In gateware you can easily enforce cycle accurate timing and on the host side the timing isn't critical.
SPI plus an extra IO for flow control would work but of course now it's a 5 wire bus competing with 2. So difficult to justify the pin cost in most cases
@azonenberg you could also do it SD/eSPI-style: return all-ones while not ready
@whitequark at least that's not as cursed as eSPI with the weird non-byte-sized fields in some message types...
@azonenberg 2 pins and multidrop is the big one. Otherwise I often go with plain serial. Scales to tens of Mbps, tunnels over everything. Drop RS-485 xcvrs in and you've got 100m differential in industrial environments for less than a dollar.

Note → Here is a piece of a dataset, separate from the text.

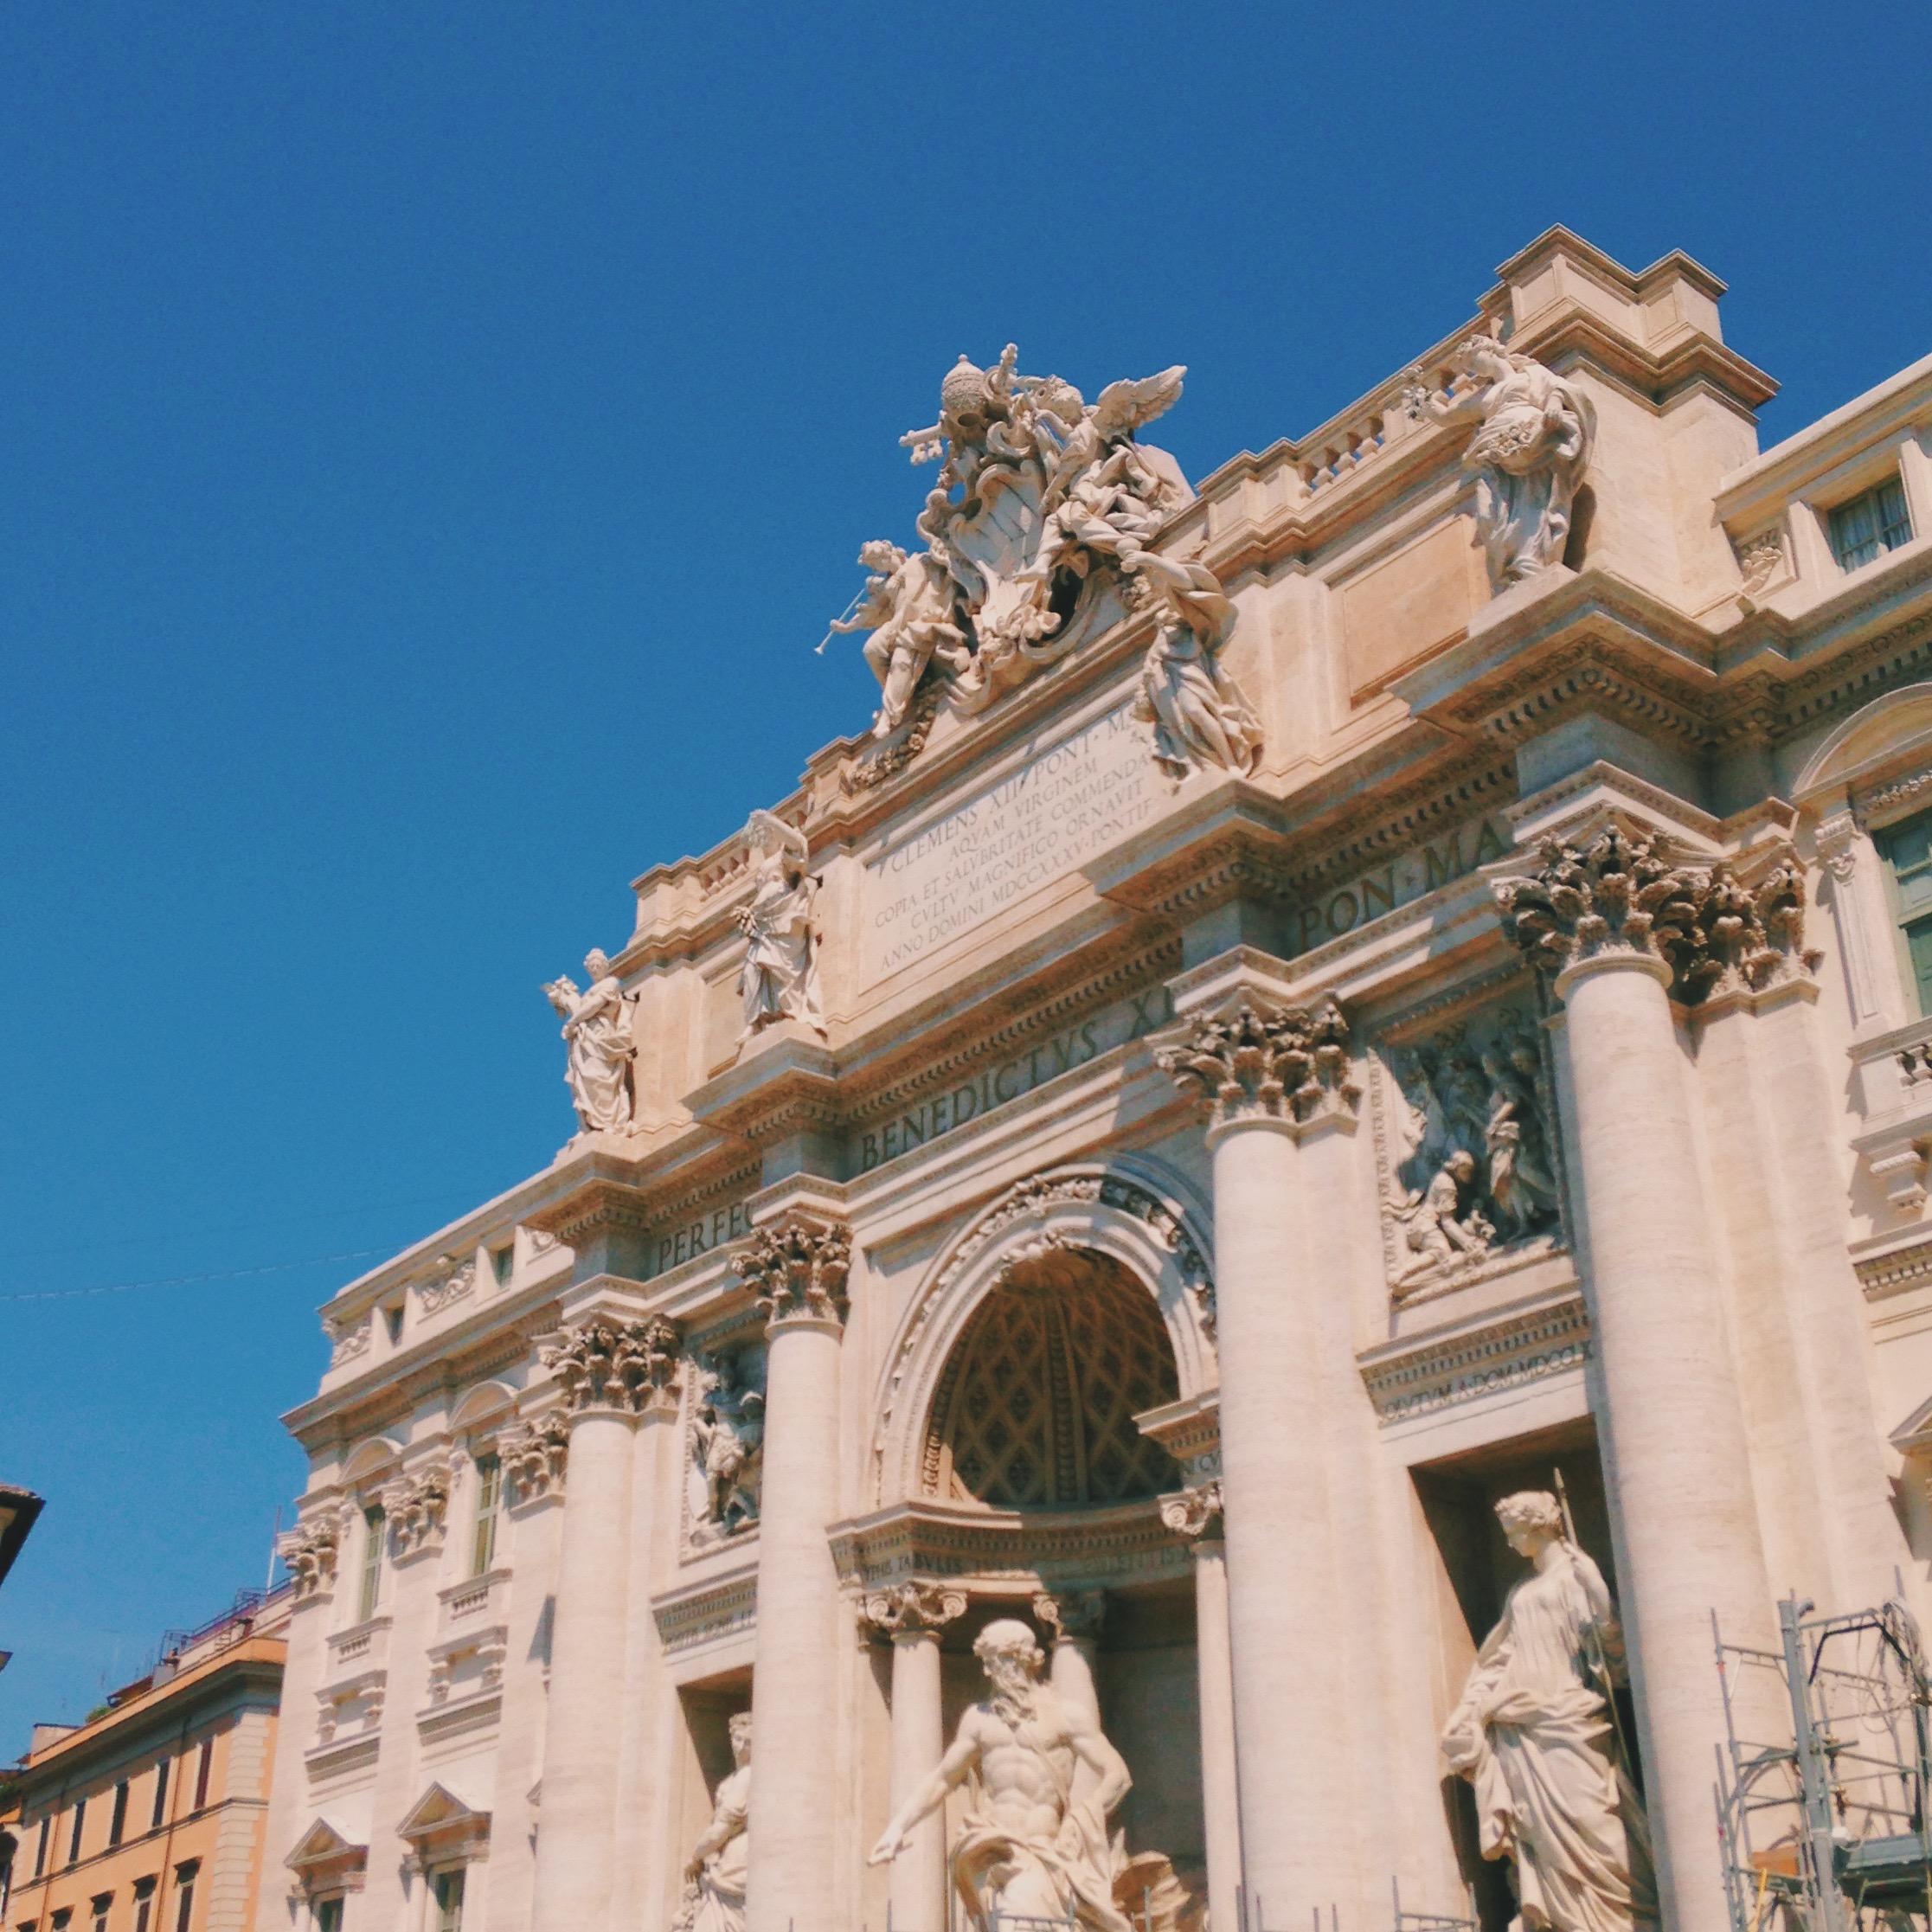 Renovated Trevi Fountain

@AMS This is specifically for on-board management, so range and speed don't really matter.
It's for things like the main CPU querying the temperature of the power supply, or requesting a soft shutdown / warm reboot.
@azonenberg Yeah, best to I2C for that. You can hang PMICs, digipots, and eeproms off it too then.
@AMS The STM32L431 in question *is* the PMIC. It's got GPIOs to EN/PGOOD of every regulator in the board, reset of the FPGA and main CPU, and manages all the rail sequencing.
Depending on the complexity of the design it often does things like fan PWM and temp/voltage sensor tracking too.
@AMS @azonenberg I2C has its own issues. I have seen problems where glitches created by I2C isolator/repeater devices have caused chips hanging off the bus to lock up completely.
@StumpyTheMutt @AMS Not a problem in a point to point system.
@azonenberg @AMS point to point as in one device on each I2C bus? That's what we ended up doing to avoid that sort of problem.